Immagine Gigi Reder.JPG.
Titolo originale Il secondo tragico Fantozzi
Paese Italia
Anno 1976
Genere comico
Regia Luciano Salce
Soggetto Paolo Villaggio
Sceneggiatura Leonardo Benvenuti, Piero De Bernardi, Paolo Villaggio, Luciano Salce
Attori

Il secondo tragico Fantozzi, film italiano del 1976 con Paolo Villaggio, Anna Mazzamauro e Gigi Reder, regia di Luciano Salce.

Frasi[modifica]

  • Silensio! Chi è che prega?? (Duca Conte Semenzara) [durante il sorteggione per scegliere l'impiegato che avrebbe accompagnato il duca a Montecarlo]
  • Semenzara non fa semenze, Semenzara lavora anche la notte per mantenere te e famiglia. (Duca Conte Semenzara)
  • No!
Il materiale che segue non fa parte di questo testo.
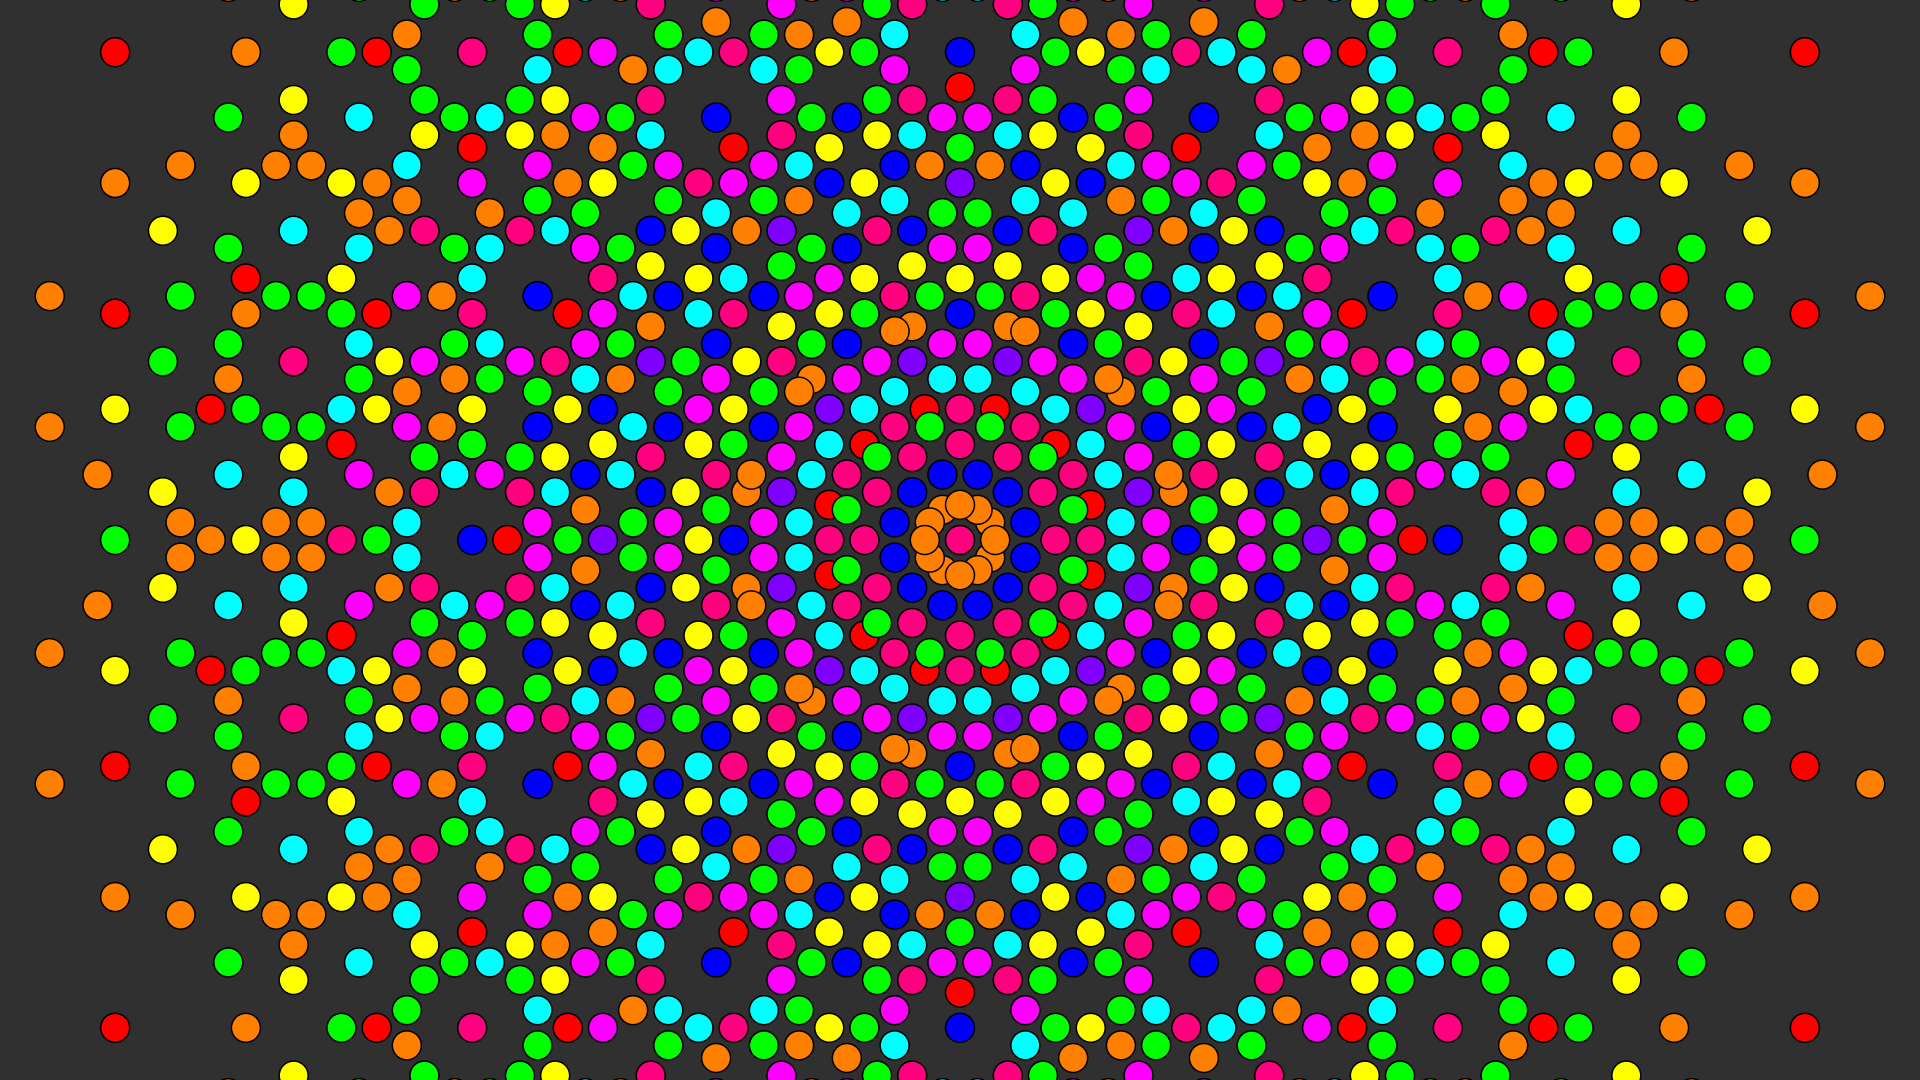 psychedelic, Colorful, Circle, Artwork, Abstract, Symmetry

Mi hanno appena sparato sopra, il suo collega! Scusi... La prossima volta faccio con lei... (Fantozzi)
  • Per la scelta dell'impiegato che doveva accompagnare il Mega Direttore Clamoroso, Duca Conte Pier Carlo Ingegner Semenzara, a giocare a Montecarlo, si tenne in sala mensa un tremendo sorteggione per il quale si riunì anche la commissione interna. Organizzatore della cerimonia, il Ragionier Filini, dell'ufficio Sinistri. (Voce Narrante)
  • L'occasione era davvero mostruosa: tre giorni a Montecarlo a veder giocare il Semenzara, che se poi avesse sospettato che il suo accompagnatore portava fortuna, era fatta per tutta la vita! (Voce Narrante)
  • Fantozzi restò in stato di morte apparente per più di quattro ore! (Voce narrante) [dopo essere stato sorteggiato per andare al casinò con il Semenzara]
  • Largo al Duca Conte Semenzara! Signor Duca Conte, se lei mi permette io vorrei avere l'onore di presentarle... (Fantozzi)

Ma chi sono quelle due facce da menagramo? Chi mi vuol presentare lei? (Duca Conte Semenzara)[in riferimento alla Signora Pina e a Mariangela] Niente! Volevo solo presentarle le mie umili scuse, se per caso prima, inavvertitamente, l'ho sfiorata con un gomito! (Fantozzi) Ah, allora non ha rapporti con quelle cose lì? (Duca Conte Semenzara) NO, mai viste né conosciute in vita mia! (Fantozzi) E non le guardi cribbio! E si tocchi anche lei! (Duca Conte Semenzara)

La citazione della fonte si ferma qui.